Так заканчивается видение, задуманное как подражание «Утешению» Боэция. Но между тем и другим трудами можно увидеть существенную разницу, если заметить, что воодушевление римского патриция устремлялось к мудрости, источаемой непосредственно Богом, а у Алана Лилльского предметом обожания и первоначалом добра становится Природа, словно бы на смену божественному закону пришел естественный.
Второе произведение — «Архитрений» Иоанна Анвильского. Оно описывает злоключения некоего ревностного молодого человека, который, утомившись зрелищем всеобщей испорченности, отправляется по миру искать мудрости и, повидав разные земли, где царят разные пороки, — землю Венеры, землю честолюбия, землю обжорства, — наконец достигает Туле, обиталища мудрых, а потом двора Природы, высшей наставницы, которая дает ему в супруги Умеренность. Есть основания полагать, что эта поэма была сочинена отчасти под влиянием «Плача Природы» Алана Лилльского, поэтому на идеях, которые она содержит, отдельно останавливаться не будем. Но ее отличает по крайней мере одна новая черта: преддверие основной истины автор поместил в земле Туле, где звучит хор знаменитых философов и где Архитрений выслушивает лекцию о их жизни и их изречения; таким образом три книги поэмы из девяти представляют собой настоящий этический трактат о богатстве и о презрении к миру, о роскоши и о докучливости высокого положения, о милосердии и о поисках славы, обо всех мотивах человеческого поведения, пусть даже у этого поучения нет иной основы, кроме авторитета Сократов и Платонов, Демокритов и Пифагоров, Цицеронов и Сенек, всех, кто в какой-то мере олицетворяет разум и античную мудрость.
И «Плач Природы», и «Архитрений» были знакомы Жану де Мёну. Первому он обязан своей теорией природы, второму — своей привычкой то и дело обращаться к речам или примеру древних. Таким образом, обратимся ли мы к деталям или к целому, все равно ситуация выглядит так, что в причудливом механизме, собранном им, сам он не изготовил ни одной пружины; даже натурализм, составляющий его внутреннюю силу, — не его изобретение.

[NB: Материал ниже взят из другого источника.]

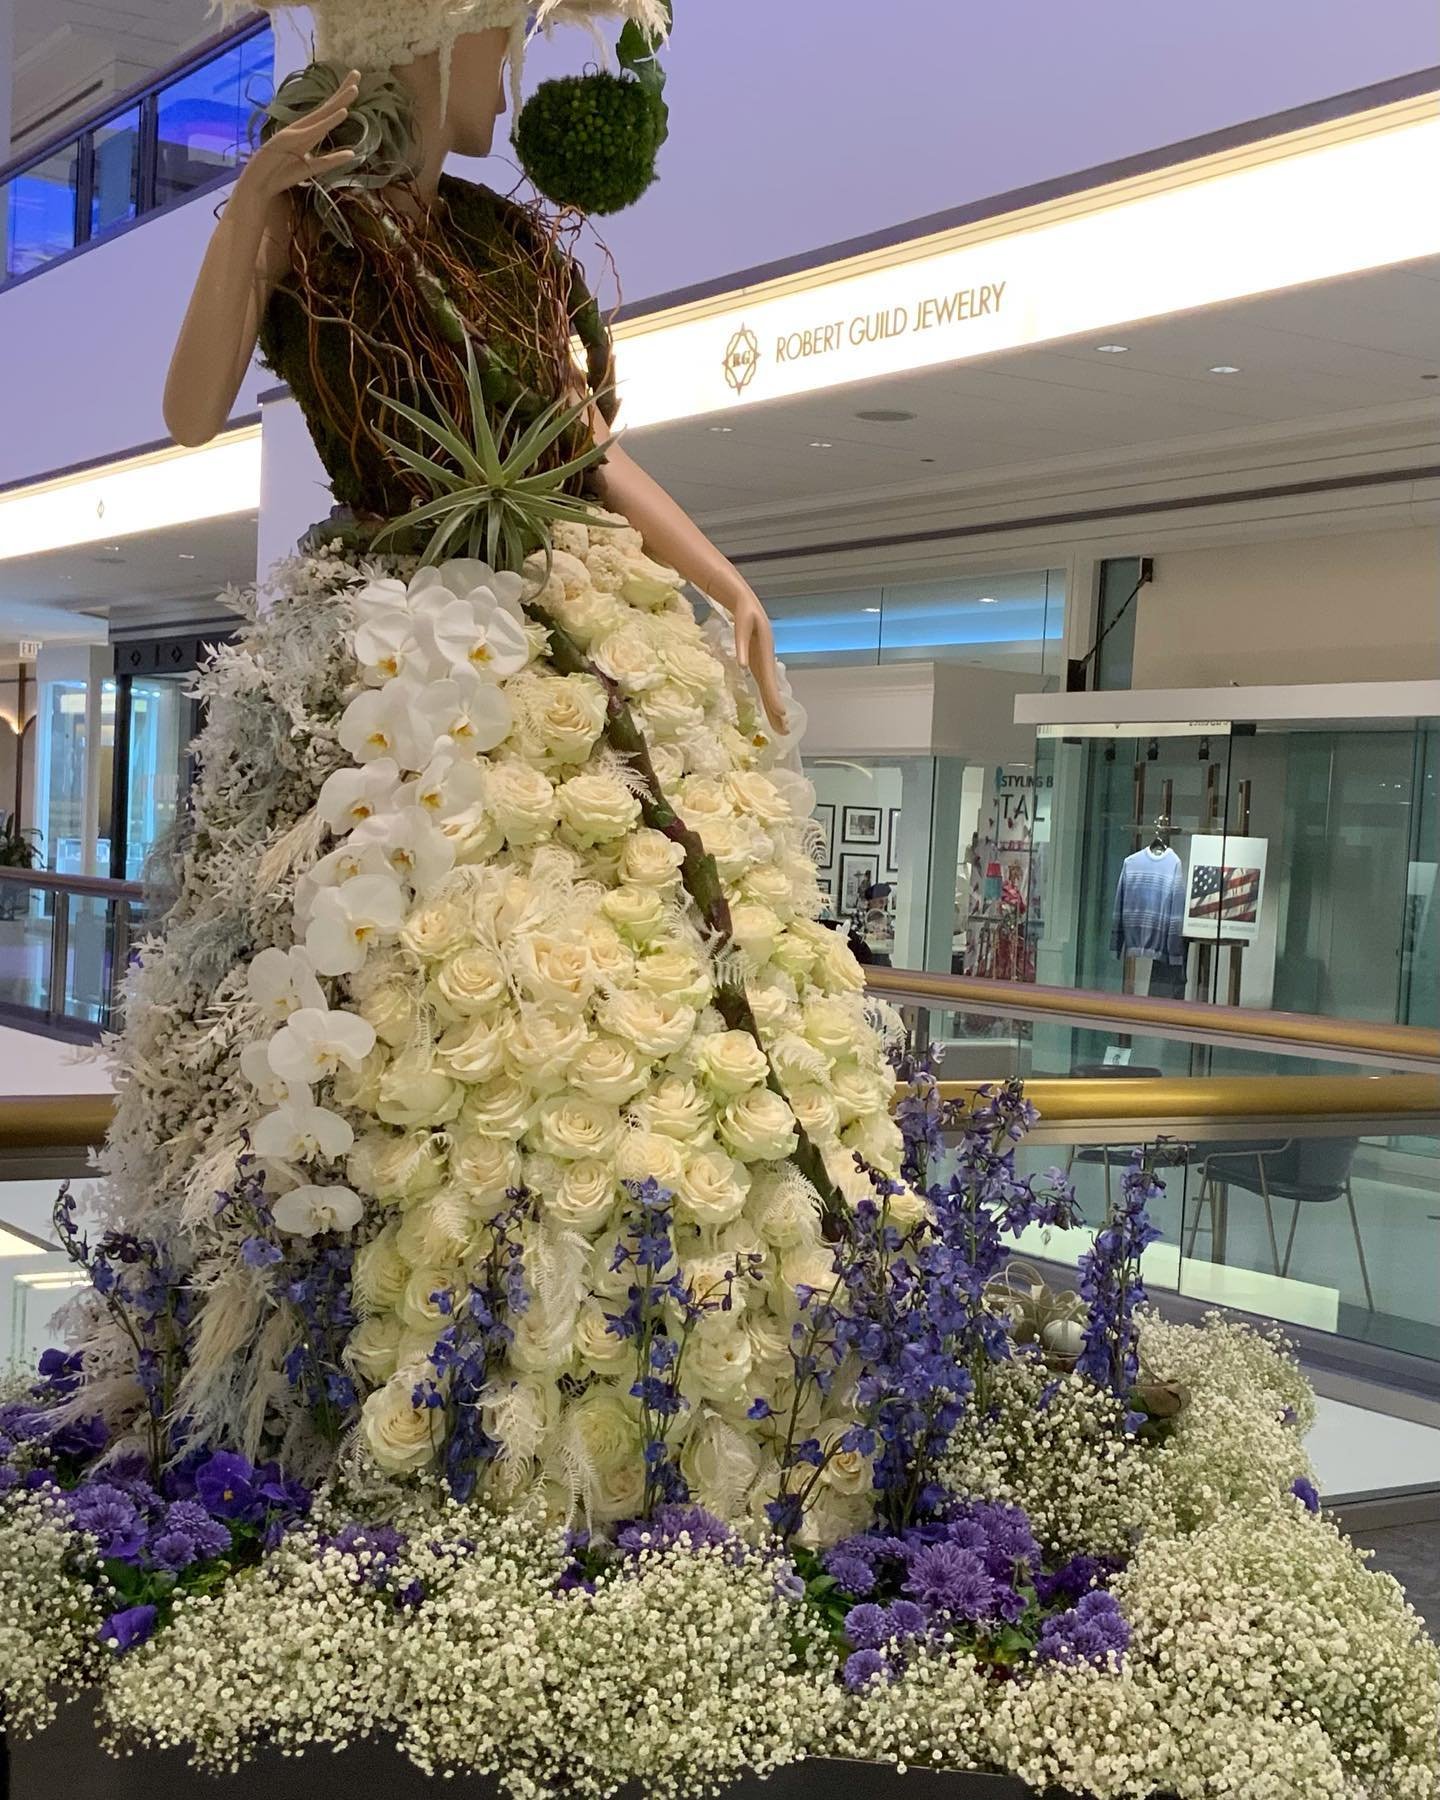 Come enjoy the spectacular floral creations right outside our door! 💐🌷🌸 Fleurs de Villes is here for 2 more days at 900 N Michigan.
#900northmichiganshops

Все это, конечно, так. И однако, если кто-то пишет, что Жан де Мён был «могучим предвестником эрудитов — язычников и натуралистов XVIII века» и что в нем «содержится зародыш Рабле и даже, в некоторых отношениях, Гольбаха и Ламетри», не станем возражать, потому что, призвав к себе на службу идеи из разных мест, Жан де Мён действительно создал самую грозную из боевых армий.
Новатором он не был, и чем он обязан предшественникам, забывать не следует. Однако единственное, что объединяет его интеллектуальные предпочтения, столь отчетливые и столь твердые, — это поиск оригинальности. Он сгребает мысли со всех сторон, не церемонясь, внешне бессистемно, но на самом деле очень ясно сознавая родство идей. Среди стольких книг, из которых он мог черпать, он пользуется набором, который сам по себе примечателен. Он прямо обращается к Овидию, к Боэцию, к Абеляру, к Иоанну Солсберийскому, к Алану Лилльскому, к Вальтеру Many, то есть к авторам, которые так или иначе прославились смелостью, и у каждого из них выбирает именно самые хлесткие пассажи. Если бы он только собрал чужие идеи, и то бы значительно усилил их действенность: из разрозненных огоньков он разжег пылающий очаг.
Но, кроме того, каждое из его заимствований подано так, что оно звучит более дерзко, чем в первоисточнике. Овидий в своей бесцеремонности в отношении женщин не выходил за пределы простой распущенности — Жан де Мён возводит женоненавистничество в ранг доктрины. Алан Лилльский защищает права Природы от отдельных извращенцев — Жан де Мён именем природы ополчается на целое сообщество, на всю куртуазную культуру. Гильом де Сент-Амур нападает на нищенствующие ордены, потому что они все шире проникают в лоно Парижского университета, — Жан де Мён, отталкиваясь от того же, направляет свои стрелы в сам институт монашеских орденов и прежде всего в целибат монахов. Таким образом, его критика метит всегда дальше, чем у его предшественников, она более агрессивна, более остра, более болезненна. Что это: несдержанность слишком рьяного сторонника неких идей, которых бы в его изложении не узнали сами их авторы? Нет, это преднамеренный умысел: он пользовался мыслями великих авторов, при надобности заостряя их, для того чтобы выразить определенную мораль, делая это с таким же хитроумием, с каким вывернул роман Гильома де Лорриса. Все-таки признаем, что Жан де Мён был не просто вульгаризатором: его вульгаризация отличалась почти революционной дерзостью.